Keywords: code, ui labels, tables, data, technical docs, technical, utilitarian, retro, machine-like, clean, alignment, clarity, system design, compactness, distinctiveness, rounded, condensed, upright terminals, open apertures, high legibility.
A slanted, monospaced sans with consistently even stroke weight and a compact, engineered rhythm. Curves are built from rounded-rectangle geometry, giving bowls and counters a squarish softness rather than true circles. Terminals are mostly blunt and straight, with minimal modulation and a disciplined, typewriter-like spacing that keeps every character aligned. Uppercase forms are narrow and tall, while lowercase stays tidy and restrained, producing clear word shapes without decorative detail.
Well suited to coding environments, terminals, and UI labels where fixed character widths help alignment. It also works for tables, forms, and technical documentation that benefits from a compact, consistent rhythm. At larger sizes it can deliver a distinctive retro-computing flavor for headlines or posters while remaining clean and readable.
The overall tone feels technical and utilitarian, with a subtle retro-machine character reminiscent of terminals, labeling systems, and industrial documentation. Its rounded-square curves add a friendly softness without losing the precise, mechanical attitude. The italic slant contributes a sense of motion and pragmatism rather than elegance.

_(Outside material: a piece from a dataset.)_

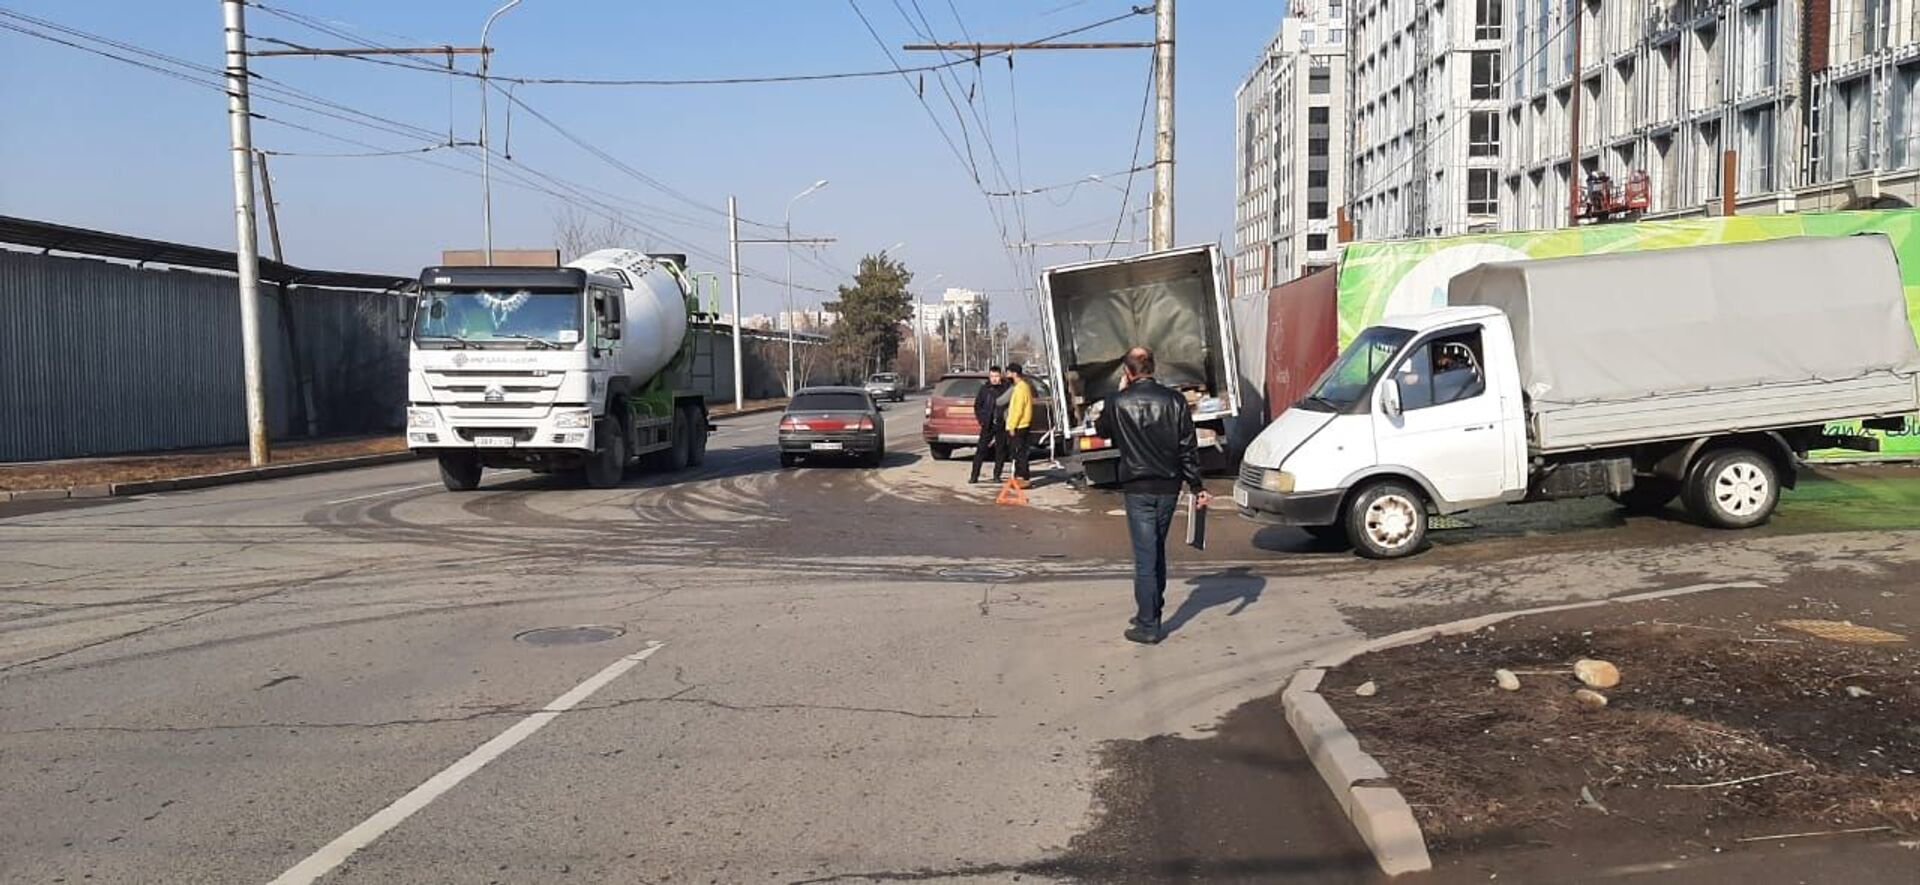 Протащил авто несколько метров: грузовик и легковушка столкнулись в Алматы - Sputnik Казахстан, 1920, 02.02.2021

The design appears aimed at a pragmatic, monospaced workhorse that stays legible and orderly while adding personality through rounded-rectangle geometry and an oblique stance. The emphasis is on consistency, alignment, and clear differentiation of glyphs for information-dense settings.
Key shapes emphasize clarity: the zeros appear slashed, the “Q” uses a simple tail treatment, and punctuation/dots are square and minimal. Many letters show open, straightforward constructions with generous interior space relative to the stroke, helping maintain clarity at small sizes while keeping a compact footprint.